Yolanda learns she has brain cancer but refuses to tell anyone. Marissa, Angel's mother, leaves her abusive boyfriend, Mike. Brianna, Angel's teacher, has an affair with Amadeo. Lizette, Angel's girlfriend, takes drugs and abuses Angel. Connor, Angel's baby, offers rare moments of grace and seems to be the main beneficiary — after Amadeo — of divine aid.
Amadeo feels as though everyone is against him. He still lives at home with his mother, the family breadwinner, and is devastated to learn that she is terminally ill. He's not able to hold a job. He tries to start a business fixing windshields and makes a mess of an executive's car hood. He's lost his license for driving under the influence and can't control his drinking.
Then late at night, Angel calls him to bring her home after an argument with Lizette. He's drunk but desperate to help his daughter. He takes the car and the baby to find her. Unfortunately, he forgets to lock the baby chair into the car's back seat.

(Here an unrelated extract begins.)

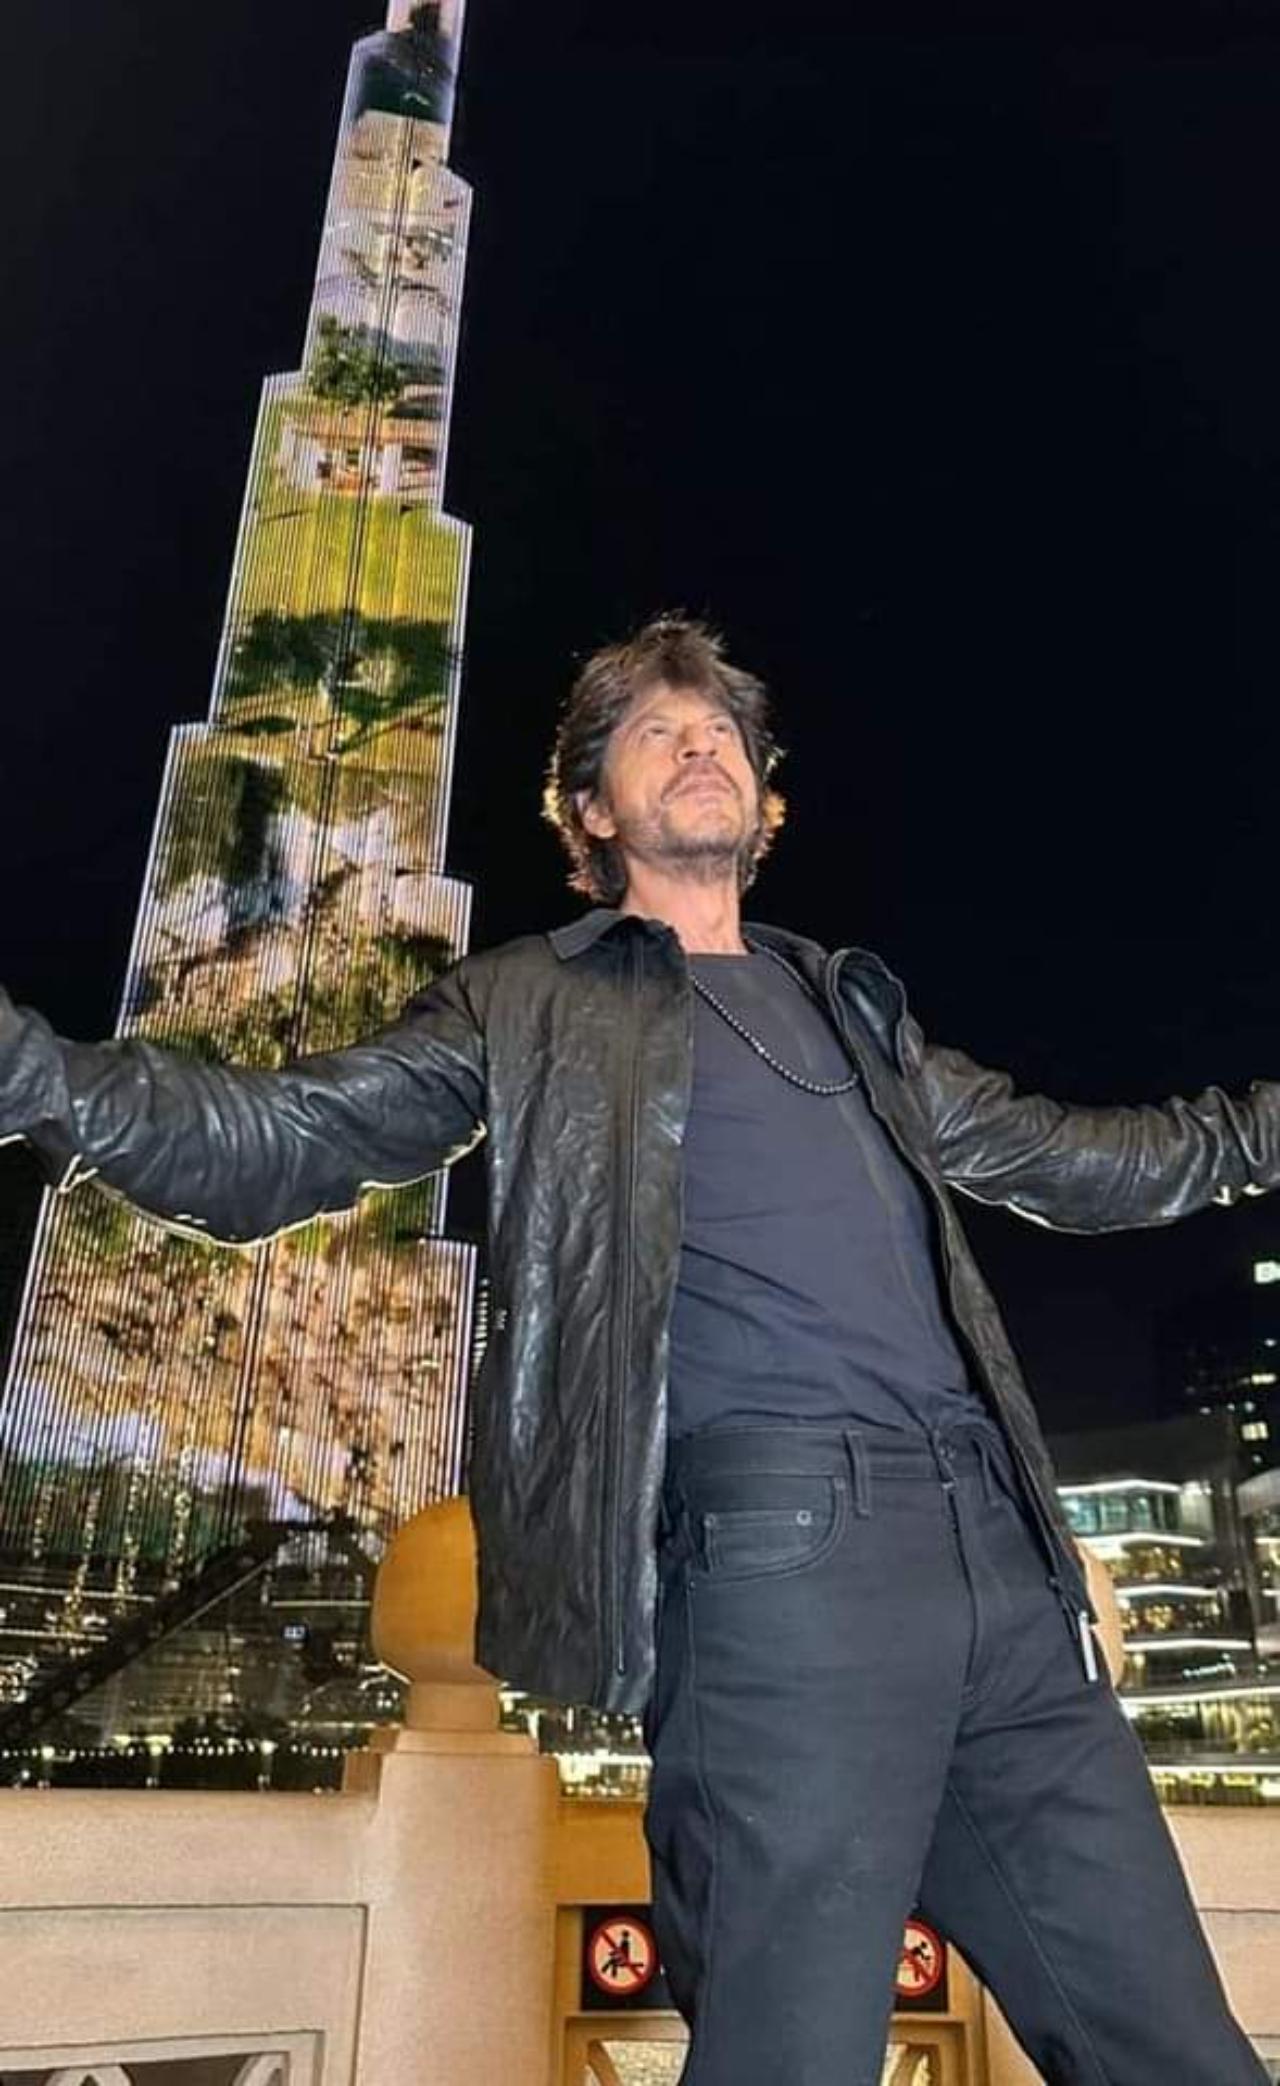 Yash Raj Films, who are producing the film took to Twitter to share glimpses from the trailer showcase on Burj Khalifa. In one of the pictures, SRK was seen doing his signature pose in front of Burj Khalifa

As he's driving along a country road, a coyote crosses directly in front of him. The scene is riveting and made more so since coyotes are considered spirit animals, especially in areas of the Southwest where they stand for new beginnings. It's arguable that Valdez Quade is relying on coyote symbolism, but this encounter, marking a fresh moment of insight for Amadeo, changes everything.
This novel is based on a short story of the same title that first appeared in The New Yorker in 2009, and was later included in Valdez Quade's award-winning collection of short stories, Night at the Fiestas.
In the original short story, Amadeo carries the cross for a Good Friday procession and has an epiphany in which he realizes that the point of Jesus' death on the cross is not suffering to pay for the sins of humankind. The point is Jesus' love for people.
Now, readers learn how that epiphany affects Amadeo's life. As Valdez Quade explains, Amadeo had earlier missed the point:
"The [Good Friday] procession isn't about punishment or shame. It is about needing to take on the pain of loved ones. To take on that pain, first you have to see it. And see how you inflict it."
Ultimately, as this richly envisioned novel shows, Amadeo has a difficult task but one that can succeed with a little help from above.